### About this task
Apart from the images, the entire listing below must be restated word for word.
#### Provided material
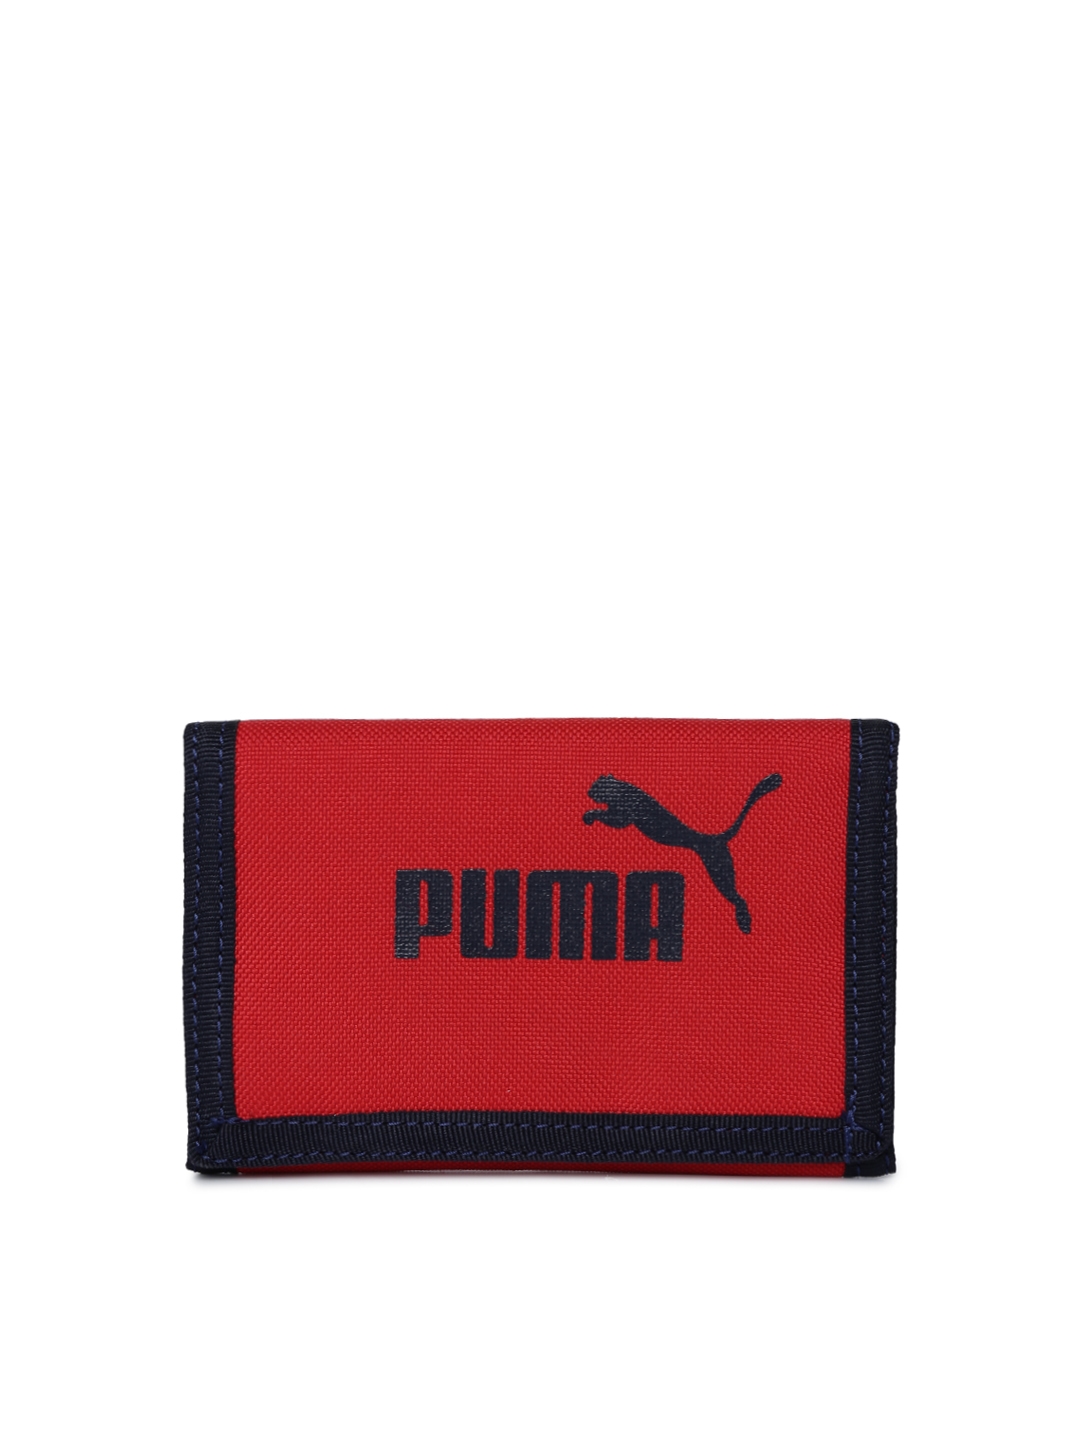 puma 3 fold wallets
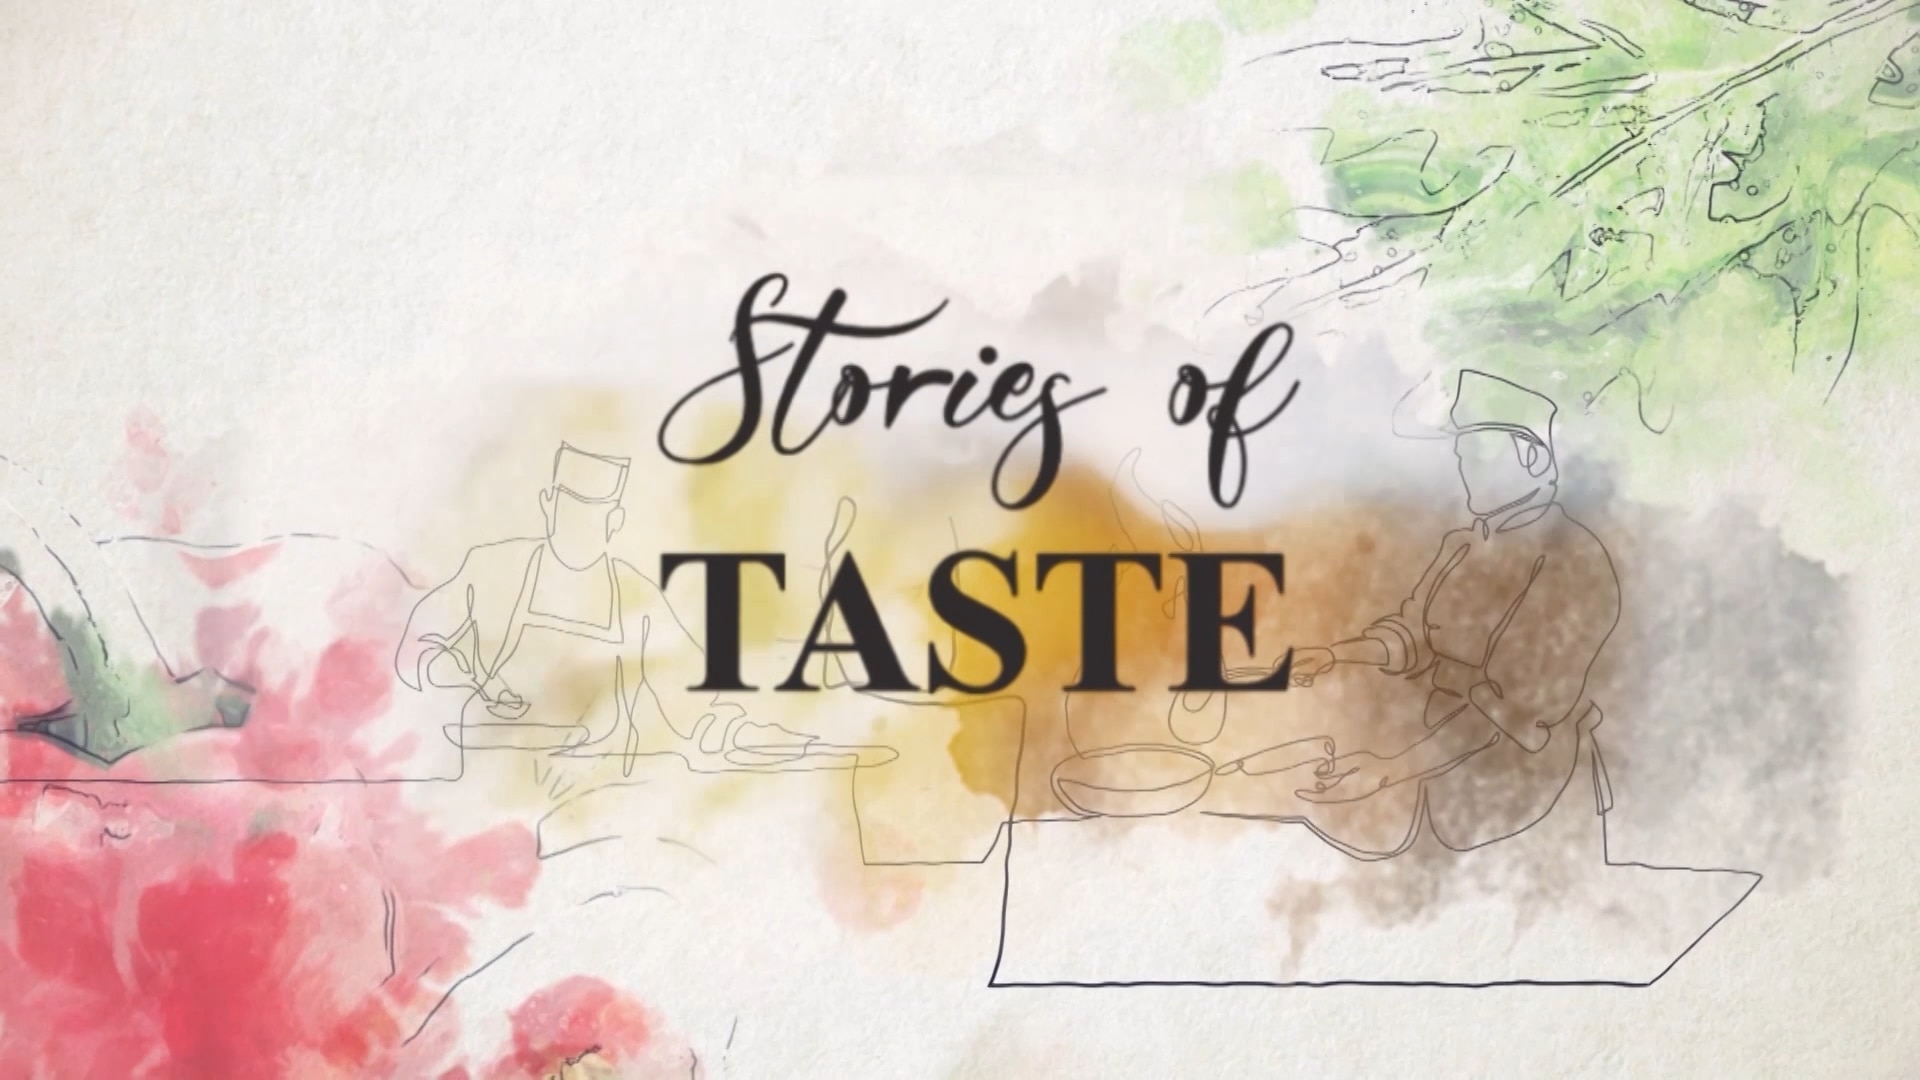 Stories of Taste
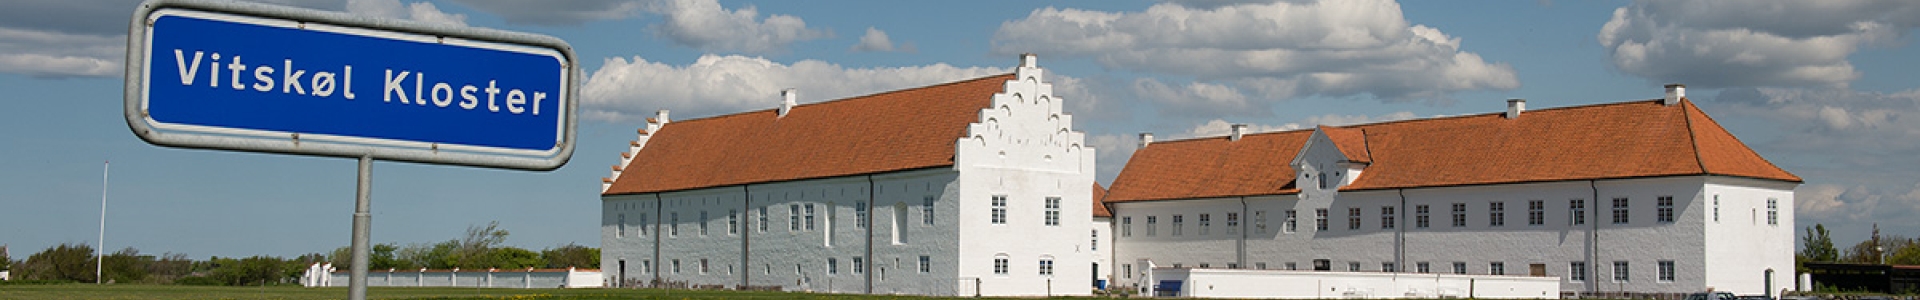 Danhostel Vitskøl Kloster
########
### Task response
 puma 3 fold wallets
 Stories of Taste
 Danhostel Vitskøl Kloster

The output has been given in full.